Field of Science

Tricolia: Fluorescent Seashells

Tricolia pullus, copyright Ar rouz.

Search among patches of seaweed along the shores of Africa, Australia or warmer parts of Eurasia and you may be able to find represents of the marine gastropod genus Tricolia. Tricolia are small shells, less than a centimetre in height, with shiny shells that may be smooth or spirally ribbed. Most species have a moderately high spire and an ovate shape but some are lower and more globose (Knight et al. 1960). The shell may or may not have an umbilicus, and there is a calcareous, externally convex operculum. Tricolia belongs to the Phasianellidae, commonly known as pheasant shells, presumably in reference to the bold, intricate colour patterns of many species. Species of Tricolia and the closely related genus Eulithidium, which replaces it in the Americas, have shell pigments containing porphyrin that fluoresce under ultraviolet light (Vafiadis & Burn 2020). Over forty species of Tricolia are currently recognised with the highest diversity in southern Africa (Nangammbi et al. 2016). However, the taxonomy of the genus has historically been confused due to polymorphic species being named multiple times; it is possible that at least some of the apparent African diversity is an artefact of the genus being largely unrevised in that region. An analysis of some of the southern African taxa by Nangammbi et al. (2016) found that some 'species' could not be distinguished genetically. They were, nevertheless, distinct geographically and the authors suggested that they may be variants of a single species responding to different environments.

Variants of Tricolia kochii, copyright Brian du Preez.
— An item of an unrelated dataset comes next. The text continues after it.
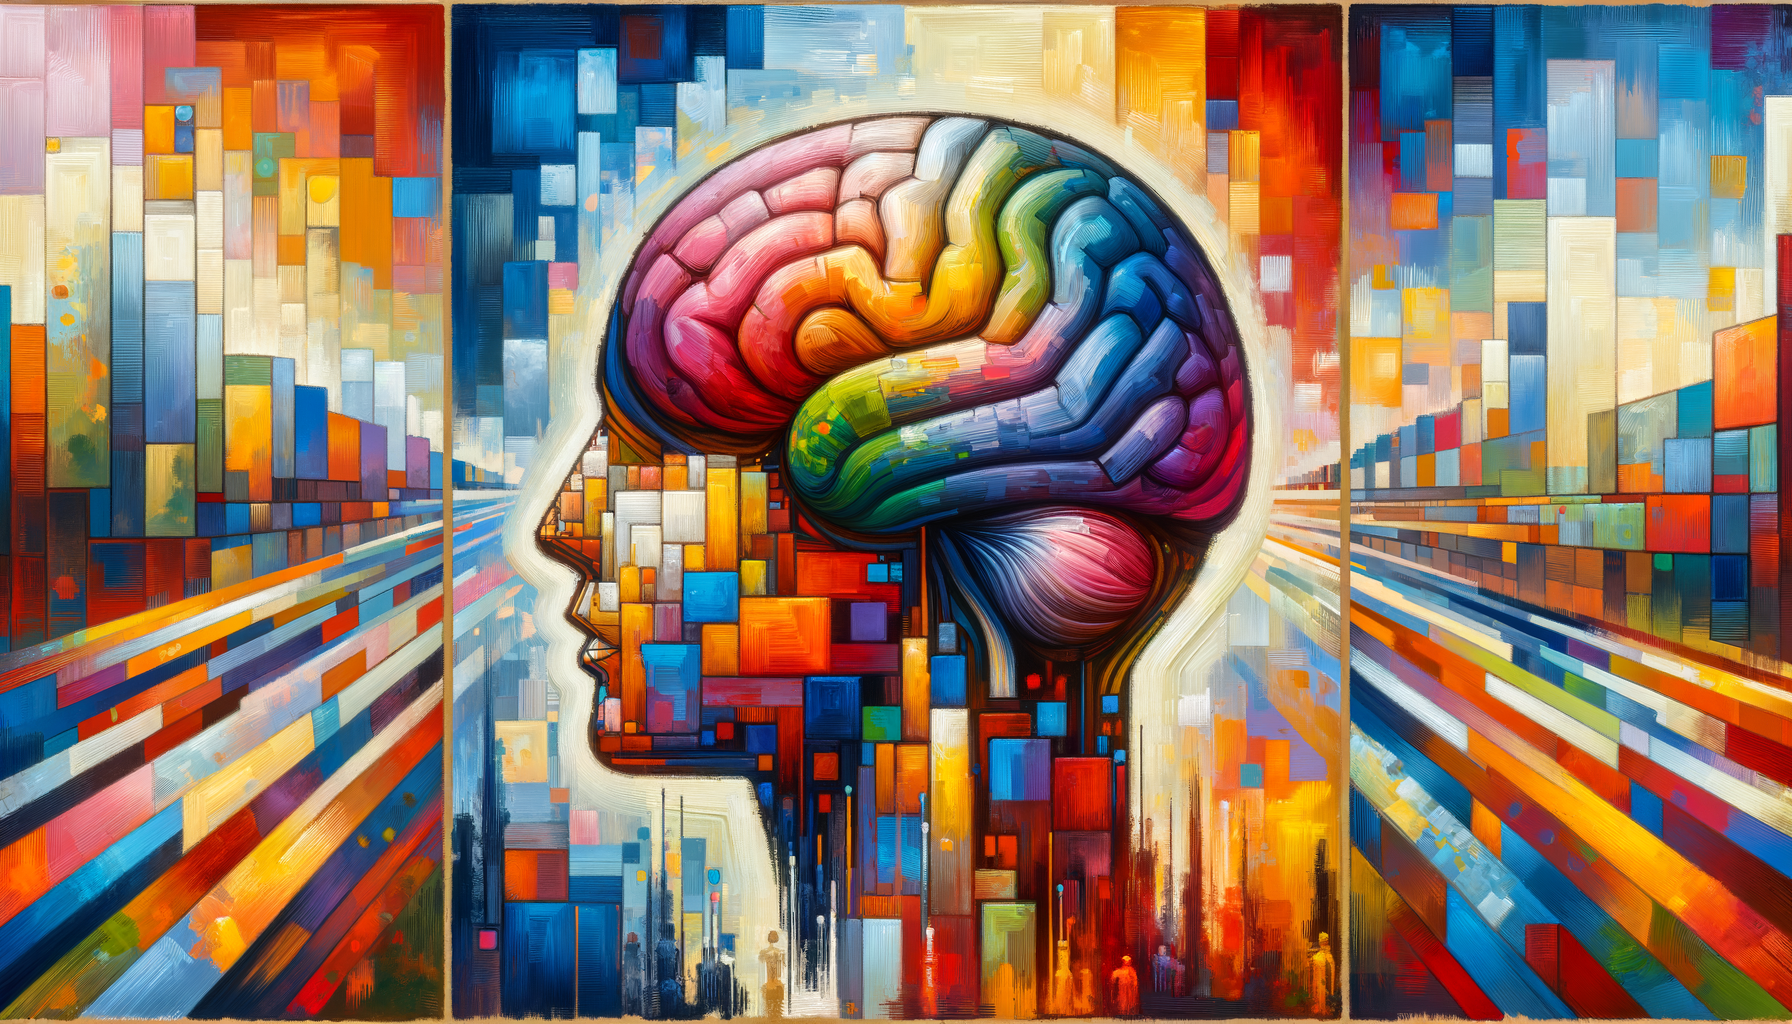 Revolutioniere Dein Denken: Gehirnjogging für tägliche Genialität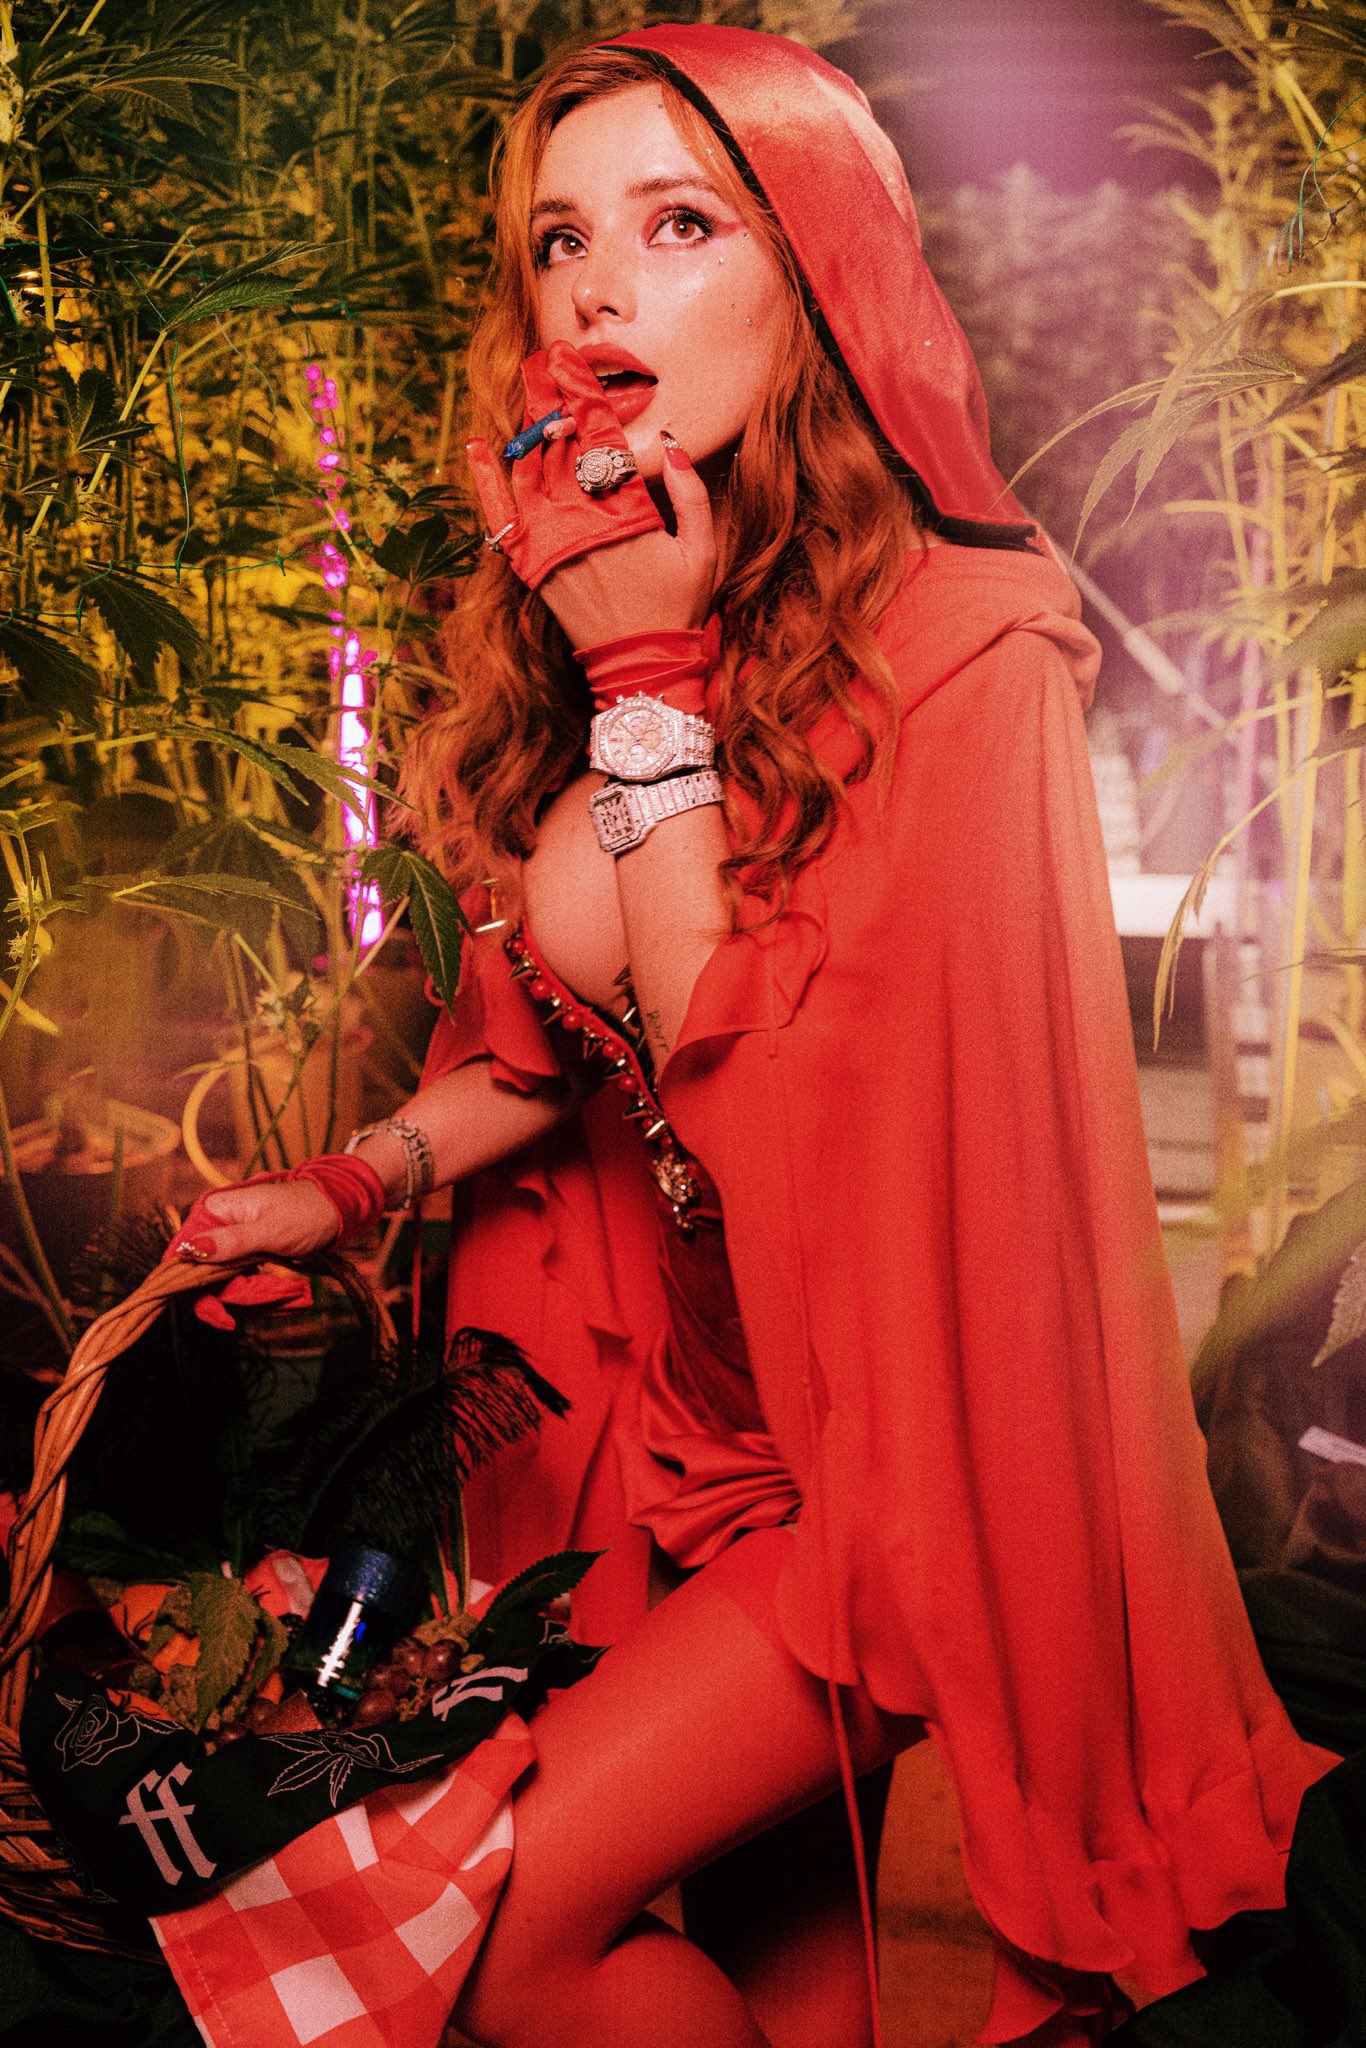 Fotos n°2 : Bella Thorne es una pequea cabeza de olla roja!

Like other members of the Vetigastropoda (the clade containing most of what used to be called the 'archaeogastropods'), Tricolia species have a simple life cycle without an actively feeding planktonic larva. The basic mode of reproduction is by broadcast spawning with separate males and females releasing gametes into the water column. After fertilisation, a brief non-feeding planktonic phase is nourished by yolk from the egg before the larva settles. The brevity of this phase is reflected by the resultant form of the protoconch which accounts for less than an entire whorl. In the Indo-West Pacific species T. variabilis, the male is smaller than the female and sits directly on her, waiting to fertilise her eggs as they are laid as gelatinous capsules rather than freely broadcasted. A temperate Australian species, T. rosea, takes things a step further as the female broods embryos (up to nearly fifty at a time) within the cavity of the last shell whorl (Vafiadis & Burn 2020). How the eggs are actually fertilised remains unknown but all embryos within a brood are about the samesize and stage of development, indicating a single fertilisation event; perhaps males associate with females as in T. variabilis. After the young pheasant shells hatch or settle, they initially feed on diatoms and other microalgae until they eventually grow enough to move onto the seaweed fronds that will comprise their adult diet.


Knight, J. B., L. R. Cox, A. M. Keen, R. L. Batten, E. L. Yochelson & R. Robertson. 1960. Gastropoda: systematic descriptions. In: R. C. Moore (ed.) Treatise on Invertebrate Paleontology pt I. Mollusca 1. Mollusca—general features, Scaphopoda, Amphineura, Monoplacophora, Gastropoda—general features, Archaeogastropoda and some (mainly Paleozoic) Caenogastropoda and Opisthobranchia pp. I171–I351. Geological Society of America: Boulder (Colorado), and University of Kansas Press: Lawrence (Kansas).

Nangammbi, T. C., D. G. Herbert & P. R. Teske. 2016. Molecular insights into species recognition within southern Africa's endemic Tricolia radiation (Vetigastropoda: Phasianellidae). Journal of Molluscan Studies 82: 97–103.

Vafiadis, P., & R. Burn. 2020. Internal embryonic brooding and development in the southern Australian micro-snail Tricolia rosea (Angas, 1867) (Vetigastropoda: Phasianellidae: Tricoliinae). Molluscan Research 40 (1): 60–76.